JFTR if you use -pc you will see an analysis of what layers run slow and maybe you can think of other optimization options.

Cheers,

Nikos

nikos1 · ‎10-20-2018

HETERO did not help too much in my case.

The only other option is batching, that may be the only option to support four cameras in real-time.

PV__Sharfudheen · ‎10-22-2018

Hi Nikos,

Thanks for reply. I don't have problem with accuracy. My concern is performance (inference time).

I have tried in a system with different configuration (Core i7 CPU + Intel(R) HD Graphics 530 + NVIDIA GrForce GTX 950M )and still facing the same issue( GPU inference slower than CPU inference).

I tried batch processing as well couldn't see much improvements in performance ( Batch size - 5). I think some problem with GPU utilization for inference but it's not showing any message or error.

Please have a look into attached NVIDIA Quadro M2000M.png and Intel HD graphics.png file. There is no current clock and max clock value for Intel HD graphics.

Is there any software can used see GPU utilization?
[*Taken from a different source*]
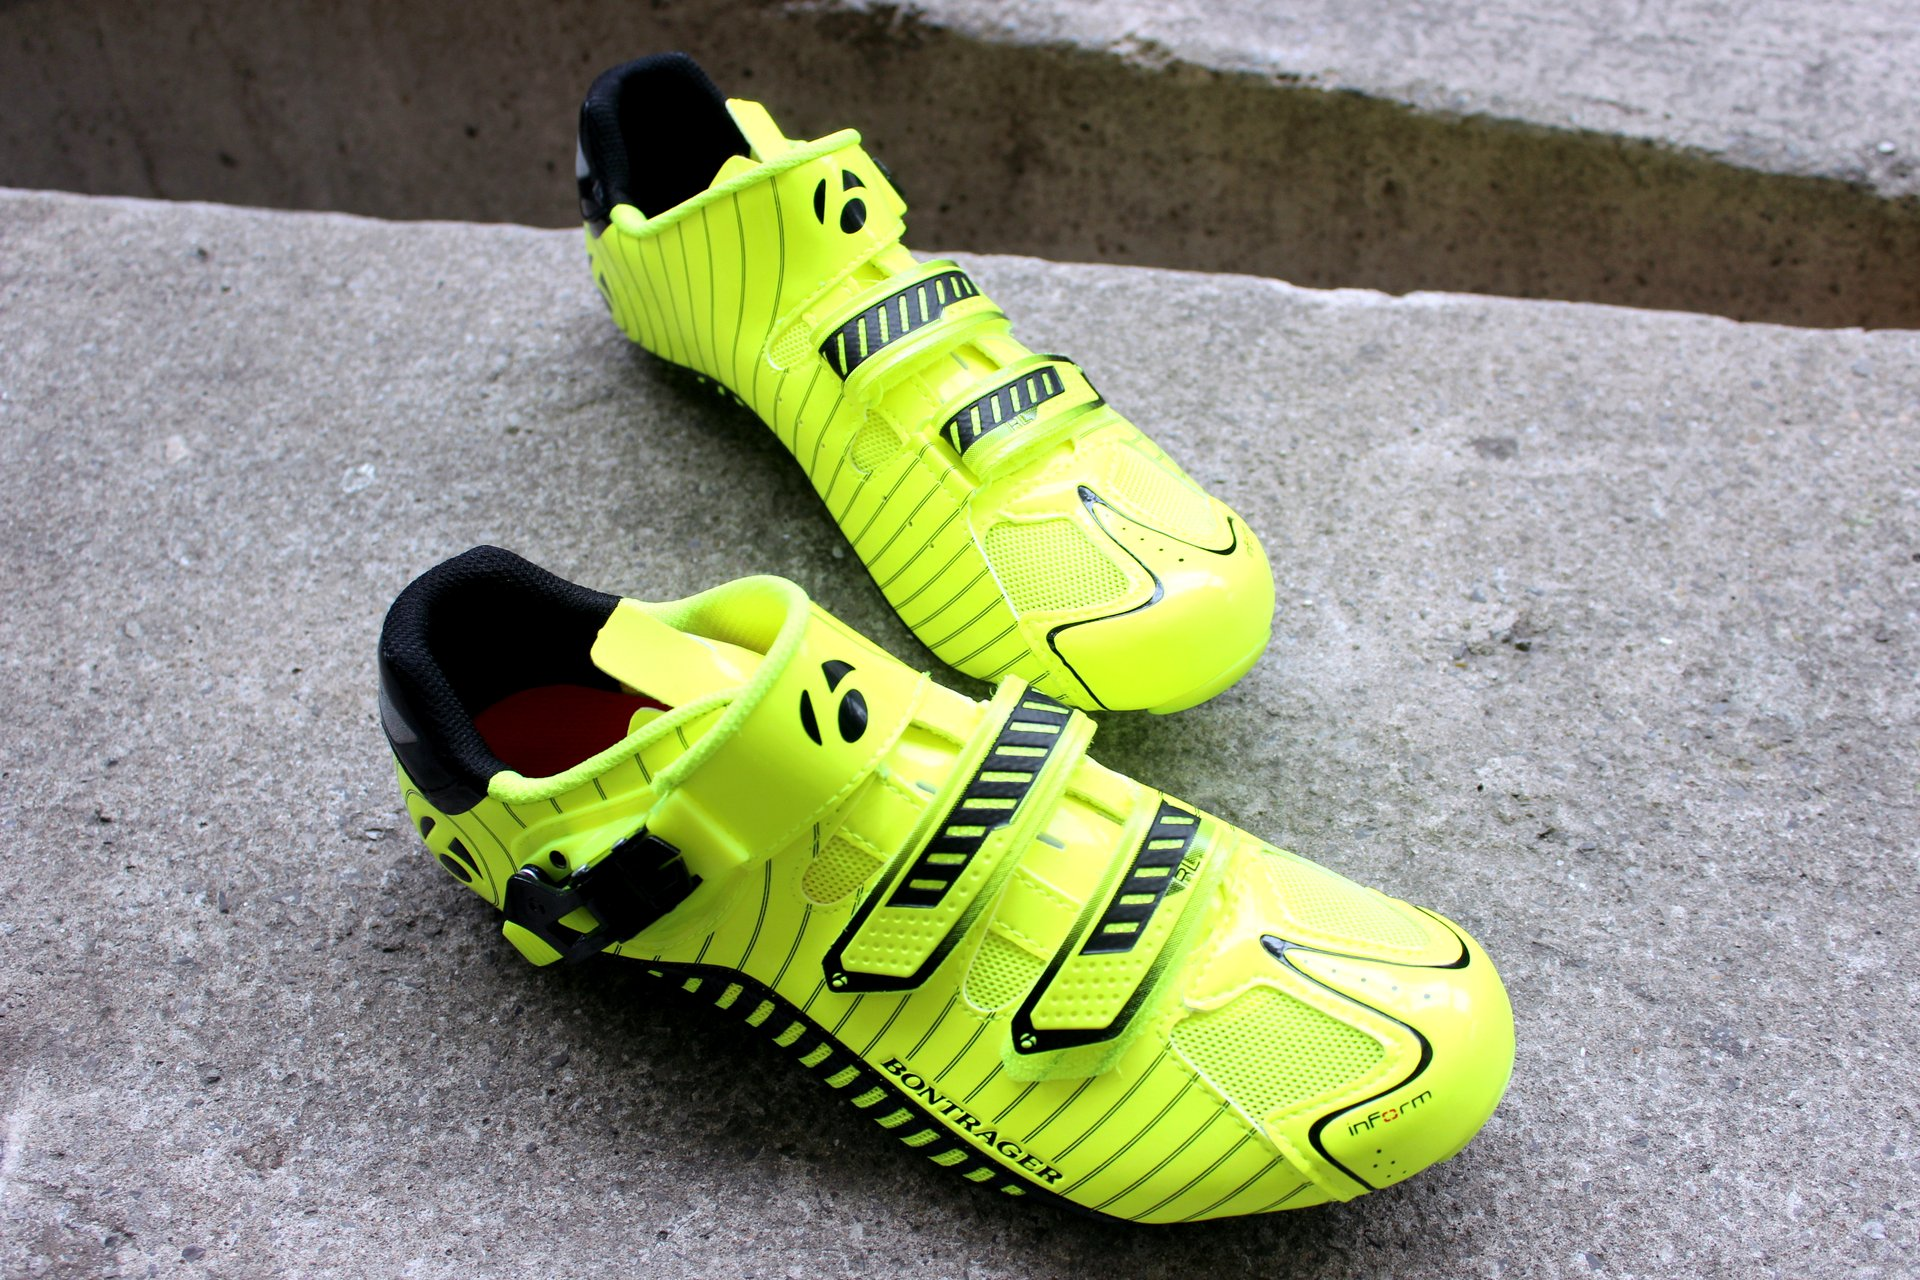 Bontrager RL Road Visibility shoes

I am using windows 10 - 1703 version( we cant see GPU utilization in task manager in this version)

Regards,

Sharaf

nikos1 · ‎10-22-2018

VTune ( https://software.intel.com/en-us/vtune ) is the best profiler that can also show you GPU utilization and OpenCL timeline.
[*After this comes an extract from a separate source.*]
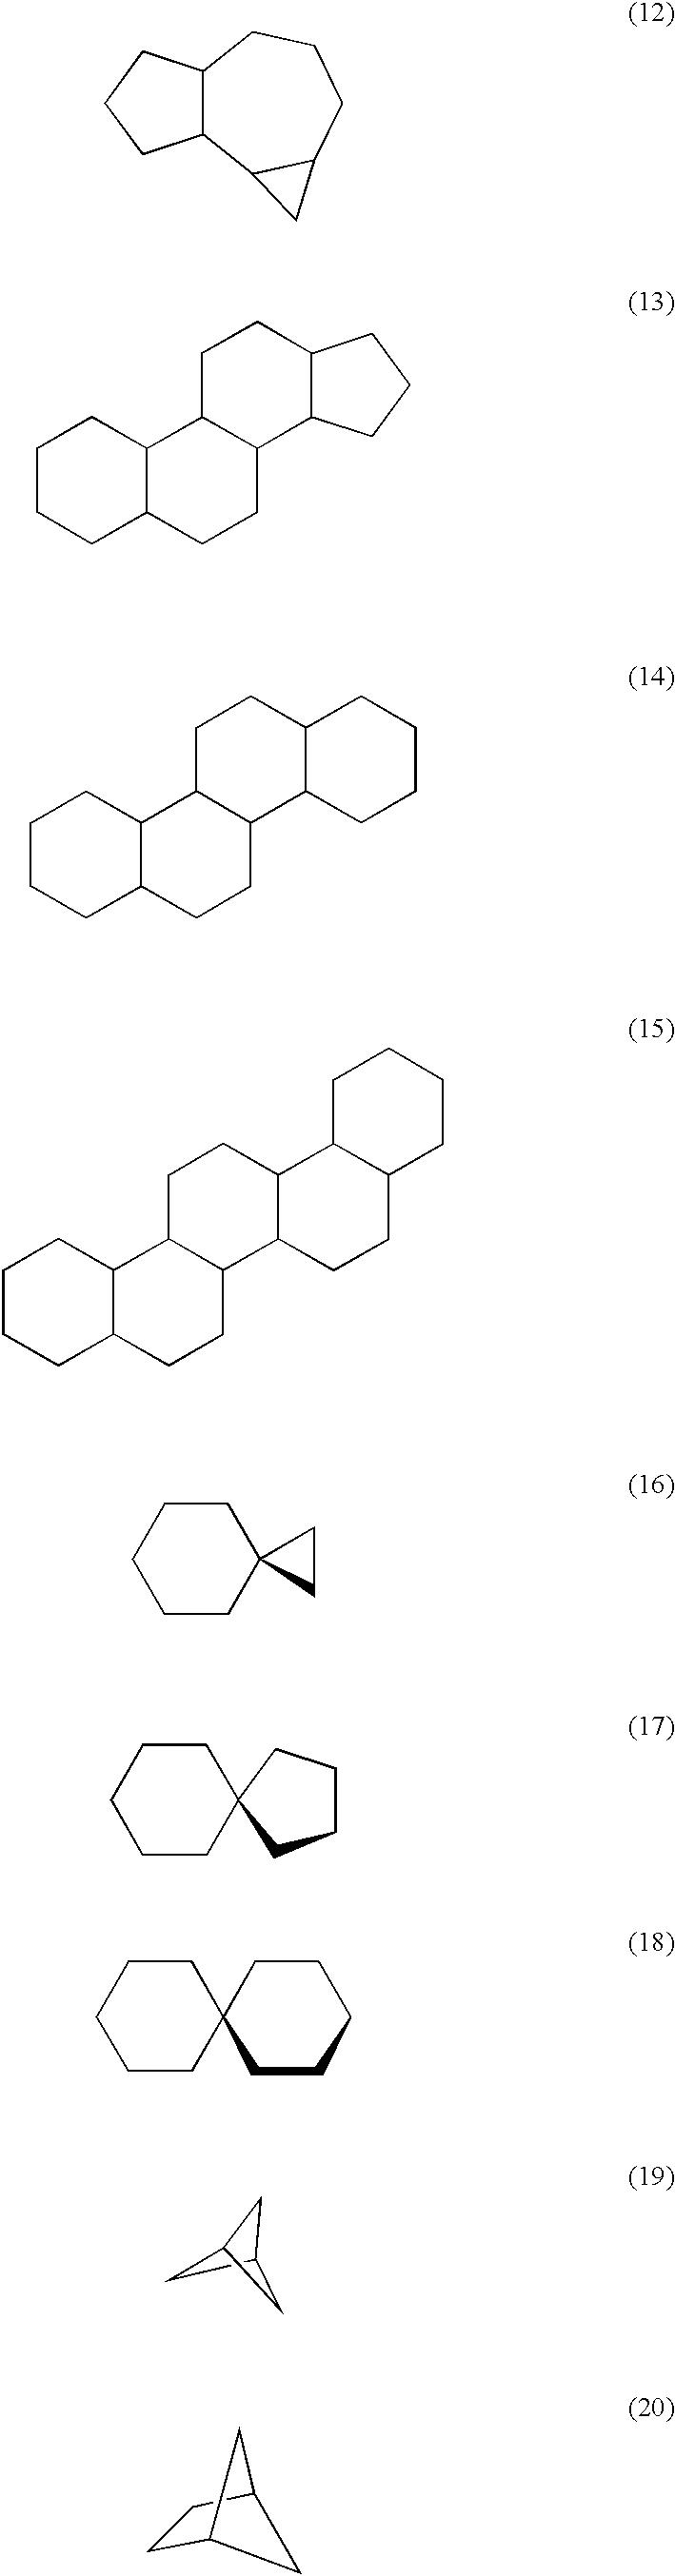 Figure US20030186161A1-20031002-C00054

Also try https://github.com/openhardwaremonitor but you may have to compile from source and change device IDs . It should be able to show GPU load.

You could also move your windows to 1803 and see load without any tools.

Cheers,

Nikos

PV__Sharfudheen · ‎10-23-2018

Hi Nikos,

Thanks.

Can someone suggest any GPU / configuration where object_detection_demo_ssd_async.exe runs faster in GPU than CPU (windows )?

I would like to hear from you all.

Regards,

Sharaf